Mammograms are used as a screening tool to detect early breast cancer in women experiencing no symptoms (when it is most treatable). They can also be used to detect and diagnose breast disease in women experiencing symptoms such as a lump, pain, skin dimpling or nipple discharge.

Screening Mammography
Mammography plays a central part in early detection of breast cancers because it can show changes in the breast years before a patient or physician can feel them. Current guidelines from the American College of Radiology (ACR) and the National Comprehensive Cancer Network (NCCN) recommend screening mammography every year for women, beginning at age 40. In Canada, annual mammography screening start for women at age 50.

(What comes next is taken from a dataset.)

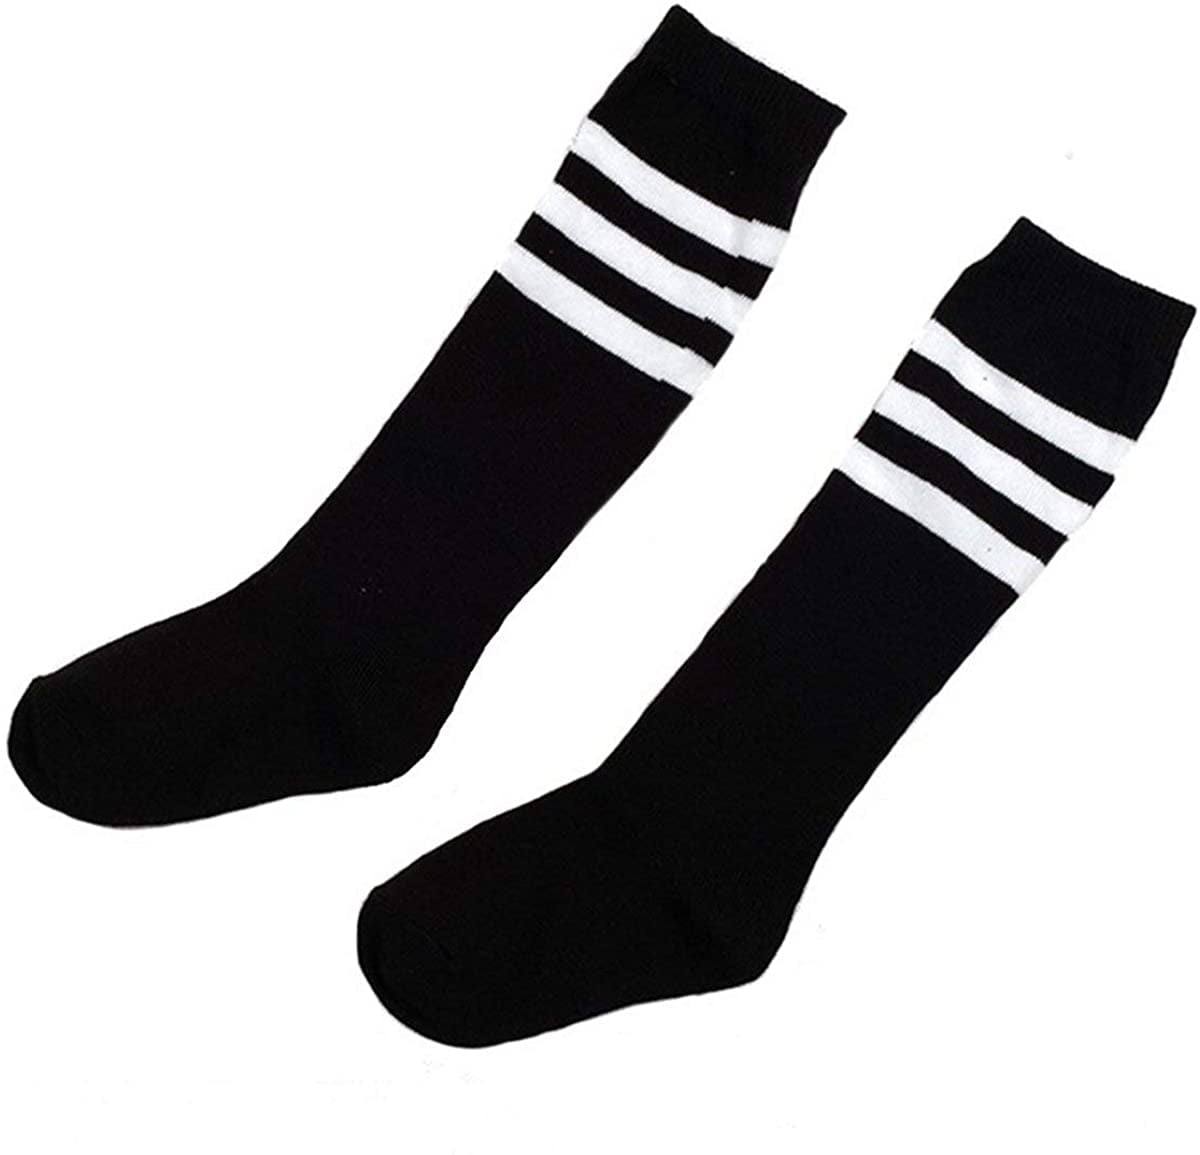 Ewanda store 1 Pair Cotton Stripe Pattern Over Knee Long Soccer Socks,Breathable Team Socks School Socks for 8-12 Years old Students Children Kids Girls Boys 
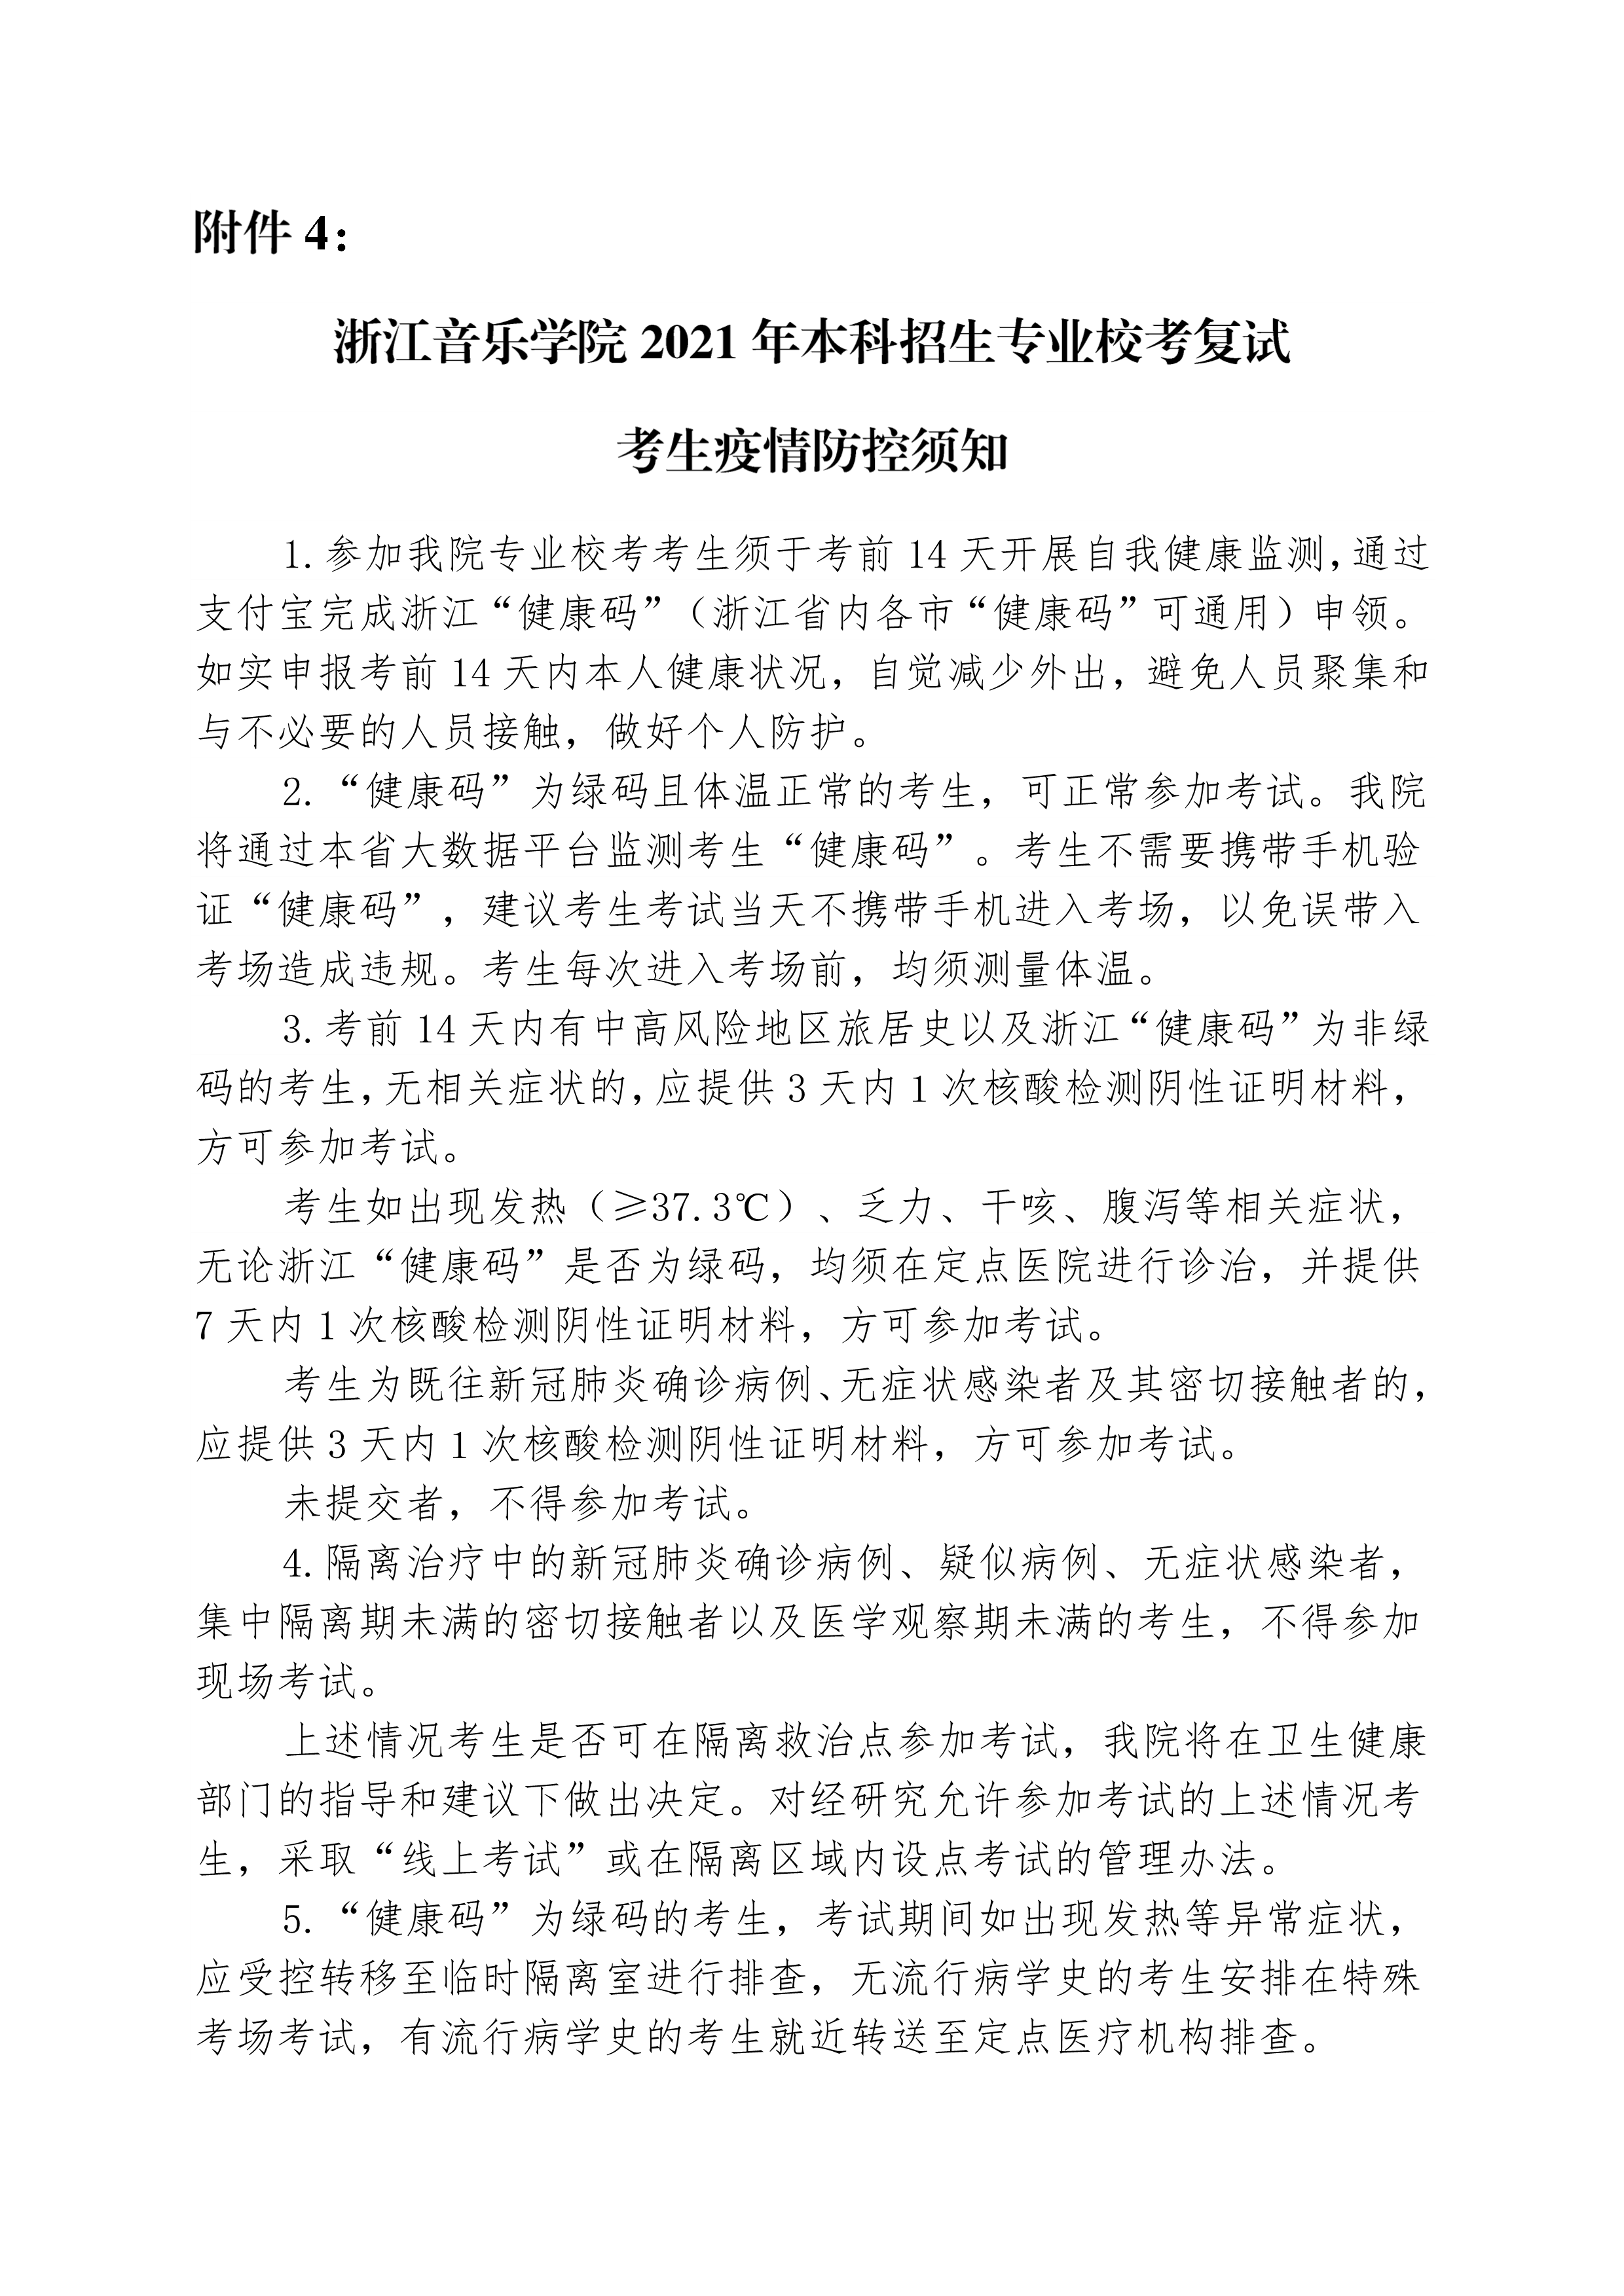 附件4：浙江音乐学院2021年本科招生专业校考复试考生疫情防控须知 _1.png

Research has shown that annual mammograms lead to early detection of breast cancers, when they are most curable and breast-conservation therapies are available.


The ACR and the National Cancer Institute (NCI) also suggest that women who have had breast cancer, and those who are at increased risk due to a family history of breast or ovarian cancer, should seek expert medical advice about whether they should begin screening before age 40 and the need for other types of screening. If you are at high risk for breast cancer, you may need to obtain a breast MRI in addition to your annual mammogram.

Screening remains the primary way to the early detection of breast cancer. Annual screening mammography is currently recommended by most National organizations for all women over the age of 40. Approximately 10% of women who undergo screening mammography, we will be recalled for additional views. If you are recalled, this should not cause undue worry as 9 out of 10 patients who are recalled for additional views are subsequently categorized as benign or probably benign.

If additional views are necessary, you ill be contacted and scheduled directly by the clinic on behalf of your physician. If a biopsy is required, you will be referred for biopsy. Your physician can assist with coordinating the best location to obtain this procedure which is mainly done at hospitals currently.

Diagnostic Mammography
Diagnostic mammography is used to evaluate a patient with abnormal clinical findings—such as a breast lump or nipple discharge—that have been found by the woman or her doctor. Diagnostic mammography may also be done after an abnormal screening mammogram in order to evaluate the area of concern on the screening exam.

Mammogram vs Breast Ultrasound - Understanding the Difference

Breast imaging is the examination of the breast to demonstrate any changes and abnormalities using mammography and/or ultrasound.
A mammogram is an x-ray test of the breast tissue. It can provide information about lumps, calcifications and other abnormalities that may be present in the breast. It is also available for screening purposes for women without any breast problems.
Breast ultrasound uses sound waves – not radiation – to show breast tissue. A breast ultrasound can show areas of the breast, including the areas closest to the chest wall that are difficult to see in a mammogram. Breast ultrasound is used to check any abnormalities in the breast and provide further information.

Ontario Breast Screening Program (OBSP)

Mammogram Toronto Clinic Near meOur breast imaging centre at Valence Medical Imaging is working towards becoming an Ontario Breast Screening Program (OBSP) assessment site as part of our initiative to partner Cancer Care Ontario. The OBSP is a self-referral screening mammogram that does not require a requisition from your family doctor. This program is for Ontario women only, aged 50 to 74 years old, who have no previous history of breast cancer, no implants and no current breast symptoms.

Women aged 50-74 are eligible for a mammogram provided by the Ontario Breast Screening Program (OBSP) every 2 years. In screening cases, a doctor’s referral is not required. For patients presenting with new breast symptoms, breast implants or a history of malignant tumours, a physician’s referral is required.

If you are 40 to 49 years old, talk to your doctor about your risk for breast cancer, along with the benefits and limitations of having a mammogram. If you are over 74 years old, speak with your health care provider about getting tested for breast cancer. If you choose to get tested you will need a referral for a mammogram from your doctor or nurse practitioner.

If you do not have a doctor or a nurse practitioner, you can find one through Health Care Connect at 1-800-445-1822.

The Ontario Breast Screening Program (OBSP) screens women ages 30 to 69 who are confirmed to be at high risk of developing breast cancer, once a year with a mammogram and breast magnetic resonance imaging (MRI) (or screening breast ultrasound if MRI is not medically appropriate). This kind of testing is based on scientific evidence and ensures that high risk women receive the benefits of organized screening.

Who is Eligible through the High-Risk OBSP?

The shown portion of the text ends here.